Aragorn then attempted to convince Haldir to send several of his patrol back along the trail to come to Gandalf's aid. But he refused.
"Only at the command of the Lord or the Lady of this land may we cross its borders, Aragorn. I understand your worries, but I cannot do as you ask." The Elf placed a hand on the Ranger's shoulder. "Mithrandir has strengths unknown to any of us. He will bring your wounded comrade here safely, I doubt it not."
The Elves guided them deeper into the forest, settled the hobbits upon one of several flets high in the trees, and stowed their gear above. Aragorn and Gimli returned to the river. The dwarf set out immediately to ford the stream and retrace their steps. He turned to look back when the Ranger did not follow.
"Well? What are you waiting for? Aren't we going after them?"
Aragorn crossed his arms and stood unmoving upon the bank of the river. "I promised that I would not. He bade us all wait here."
Gimli splashed back through the icy water. "But why? Surely he must be exhausted by now. Is he that proud, to refuse our aid?"
Aragorn frowned. "He reminded me of this Fellowship's first priority, that is, the safety and success of the Ring-bearer. I cannot pretend to know his mind, but I do not think it pride that drives him, not this night." He paused. "I think he blames himself."

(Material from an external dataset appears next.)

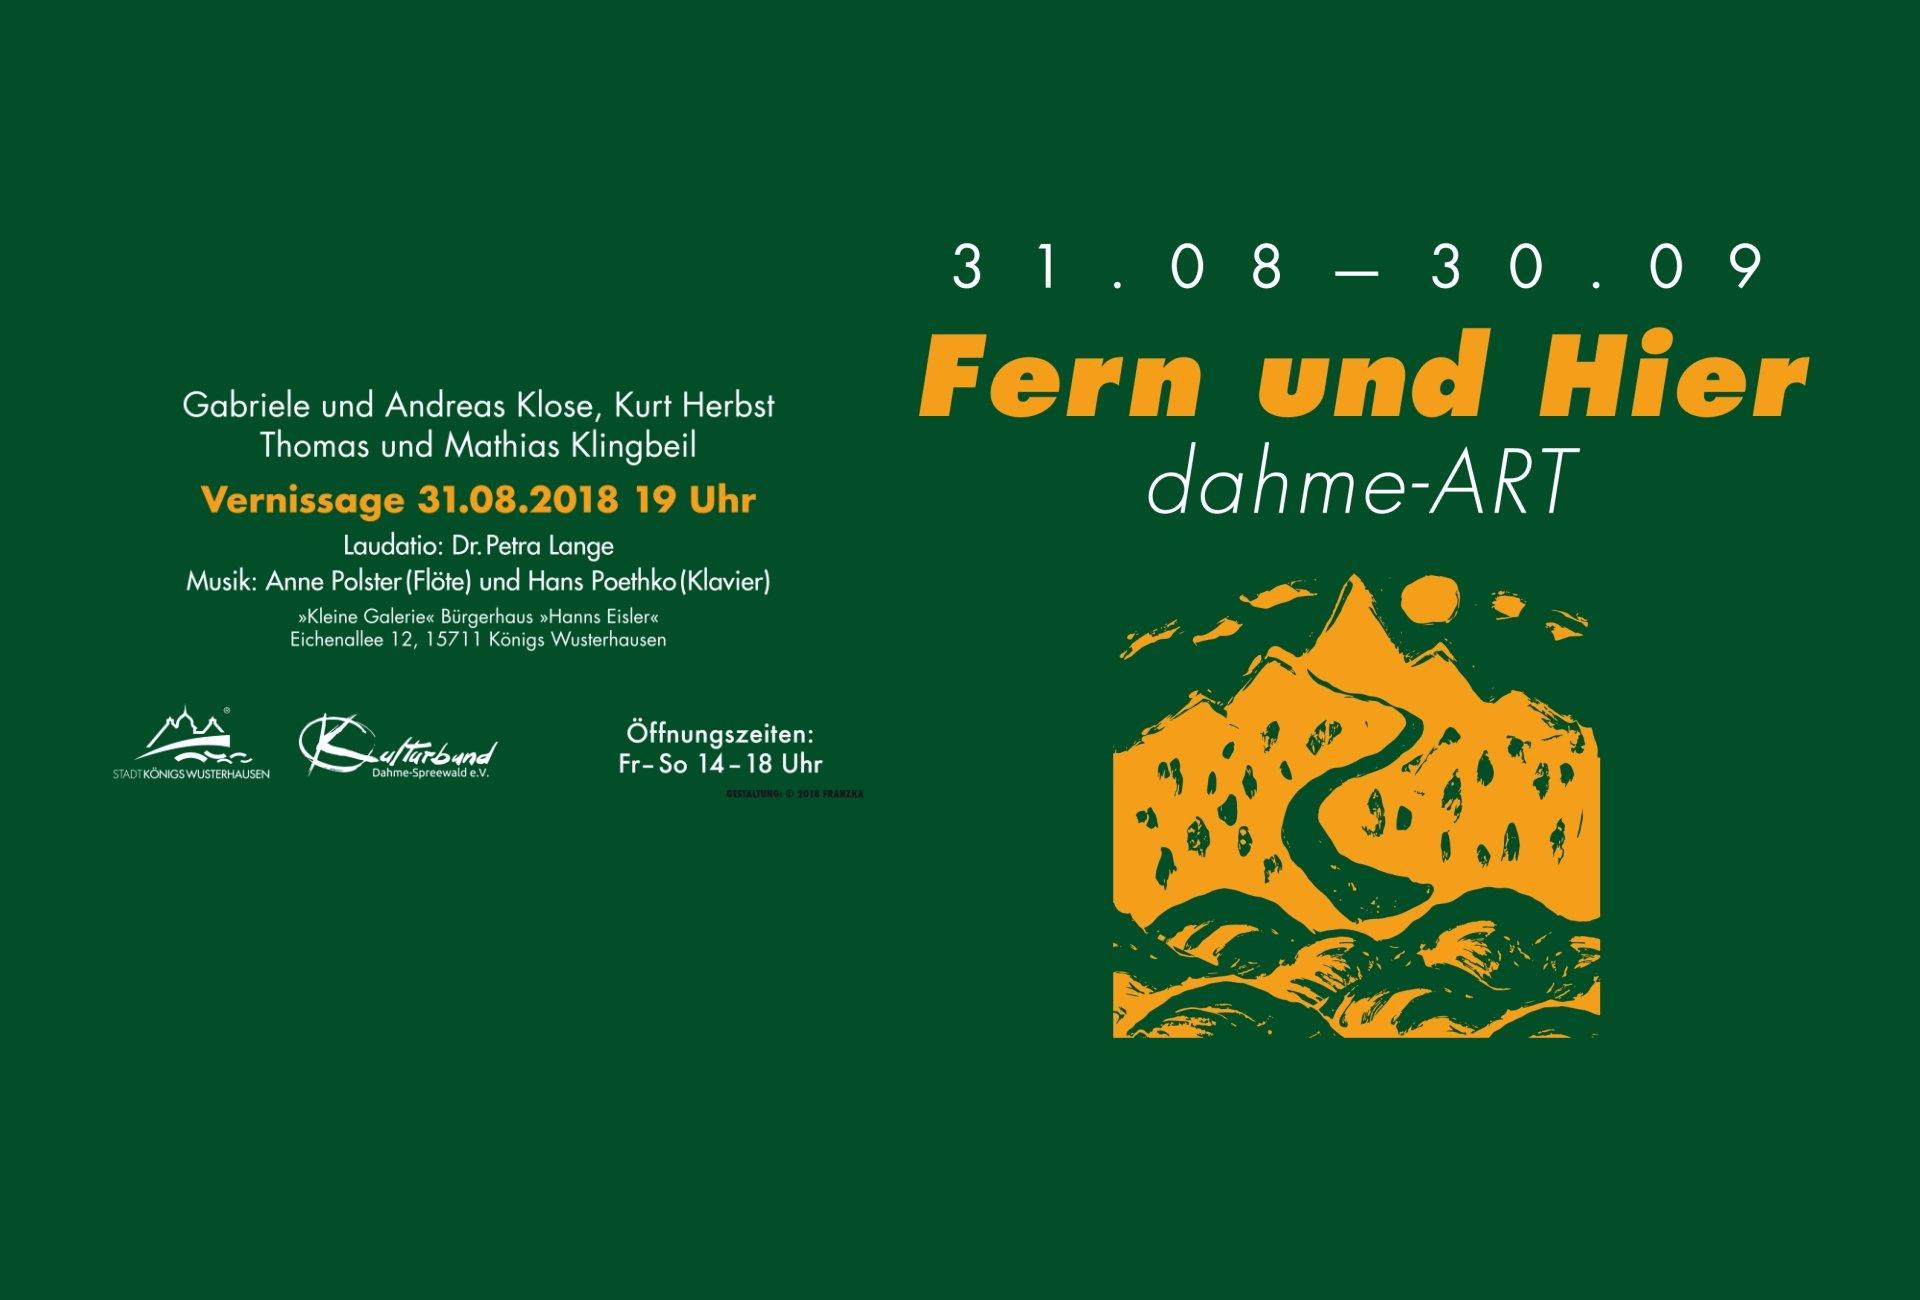 """Werkausstellung """"FERN und HIER – dahme-ART."""""""

"He delayed our escape from Moria, and Boromir was wounded because of it."
"Delayed our escape...! He takes blame upon himself because he did not fall? Because he did not die?" Gimli sputtered. "I've never heard anything so ridiculous, and from someone who is deemed to have wisdom!"
"I am only guessing. But there was a strange mood about him when we spoke this afternoon, very like the mood I saw in him when I raised my objections to entering Moria in the first place. As you may recall, it was for his safety, and not for ours, that I spoke against that road, having felt a warning in my heart that he would not pass through. It seemed to me that he felt a similar warning, and chose to ignore it."
Gimli paused. "And he was in the same mood today?"
Aragorn nodded absently as he frowned into the trees on the far side of the river and recalled the wizard's admission that something felt amiss. That piercing, strange look—was that fear he had seen in Gandalf's eyes? No; more akin to dread, as if of something foreknown. An instant, then he had hidden it. But what caused the wizard's dread? Surely not mere Orcs in pursuit. Something worse—far worse. And what could be worse than a Balrog? His mouth suddenly felt dry.
"Then..." the dwarf muttered, "then he has chosen to throw his chances away..."
"I did not say that, nor do I believe it," Aragorn said, more firmly than he felt. "I believe what Haldir said, moments ago: that none of us really knows what strength Gandalf has. Perhaps even he does not know."
They settled in to wait, fretting as the minutes dragged on into hours and the wizard, the Elf and the warrior did not appear. The man sat cross-legged in the grass, and the dwarf paced.
"This delay cannot be good," Gimli muttered. "What do you suppose has happened?"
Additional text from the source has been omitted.